RECORDS TO USE:
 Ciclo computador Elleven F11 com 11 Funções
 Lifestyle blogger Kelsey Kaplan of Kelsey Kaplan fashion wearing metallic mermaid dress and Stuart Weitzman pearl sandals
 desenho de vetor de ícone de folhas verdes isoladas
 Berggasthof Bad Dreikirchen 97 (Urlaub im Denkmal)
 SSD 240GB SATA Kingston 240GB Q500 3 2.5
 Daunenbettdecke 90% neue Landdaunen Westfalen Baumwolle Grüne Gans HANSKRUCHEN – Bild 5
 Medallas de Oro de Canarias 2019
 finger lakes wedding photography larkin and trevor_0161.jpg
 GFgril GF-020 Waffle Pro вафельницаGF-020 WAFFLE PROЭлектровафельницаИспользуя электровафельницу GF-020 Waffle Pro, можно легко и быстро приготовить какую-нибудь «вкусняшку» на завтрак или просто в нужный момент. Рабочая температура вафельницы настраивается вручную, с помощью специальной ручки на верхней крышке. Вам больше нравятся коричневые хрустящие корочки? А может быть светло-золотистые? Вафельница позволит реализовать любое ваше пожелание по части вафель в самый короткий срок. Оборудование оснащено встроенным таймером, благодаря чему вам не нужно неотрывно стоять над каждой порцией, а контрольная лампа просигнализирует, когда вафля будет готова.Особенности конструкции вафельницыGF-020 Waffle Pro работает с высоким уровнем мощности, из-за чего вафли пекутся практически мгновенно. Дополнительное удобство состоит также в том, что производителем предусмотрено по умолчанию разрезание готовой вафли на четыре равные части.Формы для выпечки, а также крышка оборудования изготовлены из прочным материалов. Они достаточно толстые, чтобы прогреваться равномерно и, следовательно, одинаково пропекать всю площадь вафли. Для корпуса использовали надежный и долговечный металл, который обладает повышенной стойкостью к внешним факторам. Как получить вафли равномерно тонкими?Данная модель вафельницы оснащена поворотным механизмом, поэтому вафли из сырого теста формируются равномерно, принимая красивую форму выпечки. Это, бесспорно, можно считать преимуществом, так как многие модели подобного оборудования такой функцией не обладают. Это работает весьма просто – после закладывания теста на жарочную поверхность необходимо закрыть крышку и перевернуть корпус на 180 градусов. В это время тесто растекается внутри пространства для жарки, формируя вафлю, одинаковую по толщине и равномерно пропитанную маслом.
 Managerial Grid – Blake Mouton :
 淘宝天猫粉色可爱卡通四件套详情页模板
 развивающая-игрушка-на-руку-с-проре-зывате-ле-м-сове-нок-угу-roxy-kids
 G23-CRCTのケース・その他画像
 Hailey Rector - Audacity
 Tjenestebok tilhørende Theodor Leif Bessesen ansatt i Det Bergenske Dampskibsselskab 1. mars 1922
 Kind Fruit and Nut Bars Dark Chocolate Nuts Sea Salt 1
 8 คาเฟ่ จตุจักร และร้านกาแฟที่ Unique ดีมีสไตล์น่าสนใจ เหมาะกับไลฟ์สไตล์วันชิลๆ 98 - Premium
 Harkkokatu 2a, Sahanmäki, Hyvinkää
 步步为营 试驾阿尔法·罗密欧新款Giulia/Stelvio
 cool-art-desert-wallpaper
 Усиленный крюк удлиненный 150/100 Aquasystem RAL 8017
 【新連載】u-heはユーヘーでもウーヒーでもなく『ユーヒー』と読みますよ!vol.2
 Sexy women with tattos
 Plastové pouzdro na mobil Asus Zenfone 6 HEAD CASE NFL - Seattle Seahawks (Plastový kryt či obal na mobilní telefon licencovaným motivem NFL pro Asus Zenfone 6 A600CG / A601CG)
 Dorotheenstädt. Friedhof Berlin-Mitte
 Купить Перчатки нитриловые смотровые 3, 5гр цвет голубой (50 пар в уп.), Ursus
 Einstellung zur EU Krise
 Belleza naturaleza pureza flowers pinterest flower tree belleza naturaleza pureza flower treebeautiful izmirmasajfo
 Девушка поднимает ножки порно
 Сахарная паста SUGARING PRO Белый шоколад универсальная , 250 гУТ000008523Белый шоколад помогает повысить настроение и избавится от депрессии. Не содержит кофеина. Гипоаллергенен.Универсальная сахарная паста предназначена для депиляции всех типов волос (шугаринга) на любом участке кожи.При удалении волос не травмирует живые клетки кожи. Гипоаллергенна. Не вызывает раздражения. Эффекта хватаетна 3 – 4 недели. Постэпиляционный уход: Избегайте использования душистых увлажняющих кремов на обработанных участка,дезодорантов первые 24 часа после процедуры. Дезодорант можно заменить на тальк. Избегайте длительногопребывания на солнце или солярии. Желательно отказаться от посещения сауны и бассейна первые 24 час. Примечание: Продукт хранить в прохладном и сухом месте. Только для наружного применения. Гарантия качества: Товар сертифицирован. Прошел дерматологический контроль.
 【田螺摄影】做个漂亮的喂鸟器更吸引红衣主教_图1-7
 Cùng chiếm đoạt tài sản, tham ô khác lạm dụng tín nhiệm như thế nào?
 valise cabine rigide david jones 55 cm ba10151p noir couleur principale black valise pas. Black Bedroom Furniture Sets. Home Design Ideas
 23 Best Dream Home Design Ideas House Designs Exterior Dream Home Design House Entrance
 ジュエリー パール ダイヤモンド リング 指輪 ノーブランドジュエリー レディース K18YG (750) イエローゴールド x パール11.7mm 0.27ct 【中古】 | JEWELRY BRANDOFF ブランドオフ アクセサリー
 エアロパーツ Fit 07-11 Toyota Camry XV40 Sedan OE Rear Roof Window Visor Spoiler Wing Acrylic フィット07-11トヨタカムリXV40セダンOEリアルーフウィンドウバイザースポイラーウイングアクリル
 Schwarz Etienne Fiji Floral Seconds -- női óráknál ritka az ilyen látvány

EXERCISE REQUIREMENTS: Filter the material for the word "Design" and copy each matching line.

ANSWER SPACE:
 valise cabine rigide david jones 55 cm ba10151p noir couleur principale black valise pas. Black Bedroom Furniture Sets. Home Design Ideas
 23 Best Dream Home Design Ideas House Designs Exterior Dream Home Design House Entrance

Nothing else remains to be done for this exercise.